Taylor Swift knows what everyone is saying about her, and it looks like she's using her new song and music video to prove it.
In her new single, "Blank Space," Taylor Swift seems to be singing about the reputation that the media built for her, as people have criticized her writing about her highly publicized past relationships.
"Got a long list of ex-lovers/they'll tell you I'm insane, cause you know I love the players/and you love the game," sings Swift in the new video for the song, according to the New Republic.
Taylor Swift's recent interview for Time magazine may give the lyrics to the new song a little more perspective. The "1989" hitmaker had reportedly mentioned that women in the music industry risk being read as "irrational" or "overemotional" if they write songs about their feelings, according to MTV News.
However, in an industry where a lot of the material is created about love, it's almost impossible for women not to seem too "irrational" and "overemotional." Yes, "Blank Space" may seem to be Taylor Swift's way of saying "I know what you're saying about me," but it may very well be about women who have to struggle to make themselves heard; women that are commonly see as "crazy."
It's not a secret that Taylor Swift has been labeled as the "emotional" girlfriend that goes through boyfriends just to write about them. She has had to prove herself time and time again and she most certainly has with the record breaking sales that her new album has made, despite the fact that she made the decision to pull her music from Spotify.
Swift is not only opening people's eyes to her skills as a pop artist, but also bringing attention to the difficulties that female artists have in a highly male-dominated industry. The 24-year-old even brought up to the issue of female artists not being credited for their own work in her recent interview as well.
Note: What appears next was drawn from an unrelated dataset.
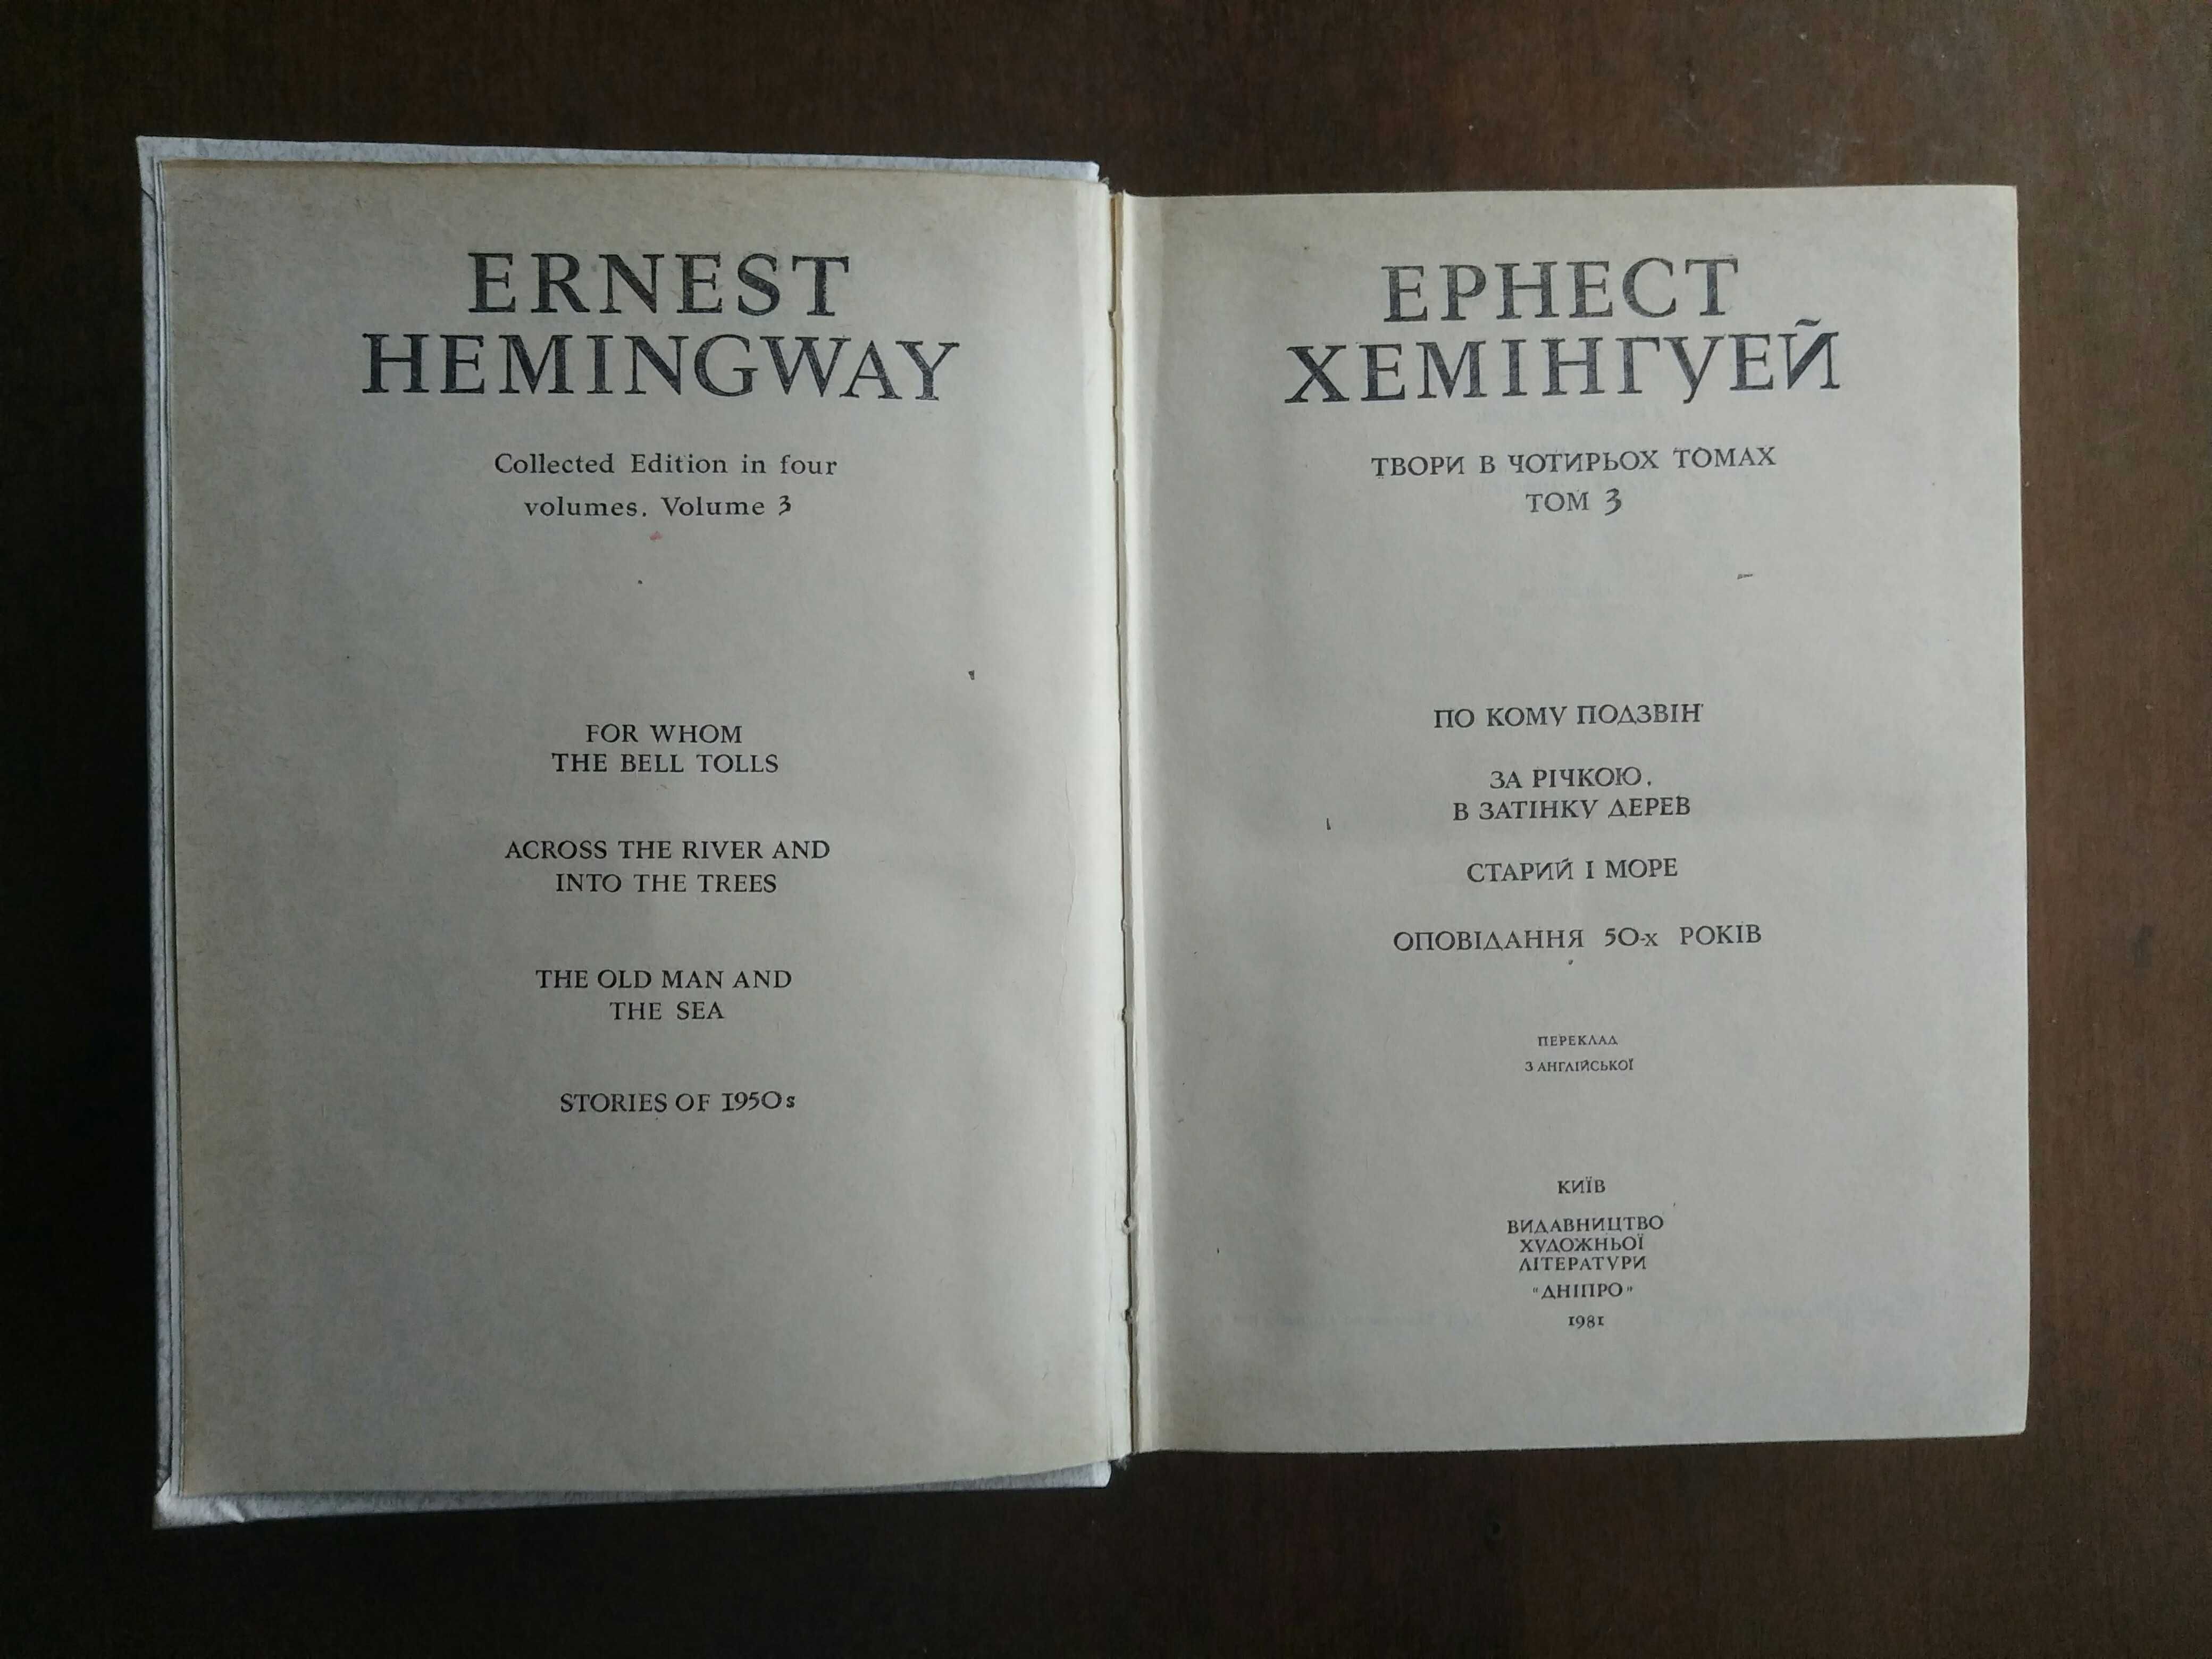 Ернест Хемінгуей. Твори в чотирьох томах. 1979-81 рр.

"We all know it's a feminist issue. My friend Ed [Sheeran], no one questions whether he writes everything. In the beginning, I liked to think that we were all on the same playing field. And then it became pretty obvious to me that when you have people sort of questioning the validity of a female songwriter, or making it seem like it's somehow unacceptable to write songs about your real emotions-that it somehow makes you irrational and overemotional-seeing that over the years changed my view," stated Swift, according to Bustle.
She continued, " It's a little discouraging that females have to work so much harder to prove that they do their own things. I see Nicki Minaj and Iggy Azalea having to prove that they write their own raps or their own lyrics, and it makes me sad, because they shouldn't have to justify it."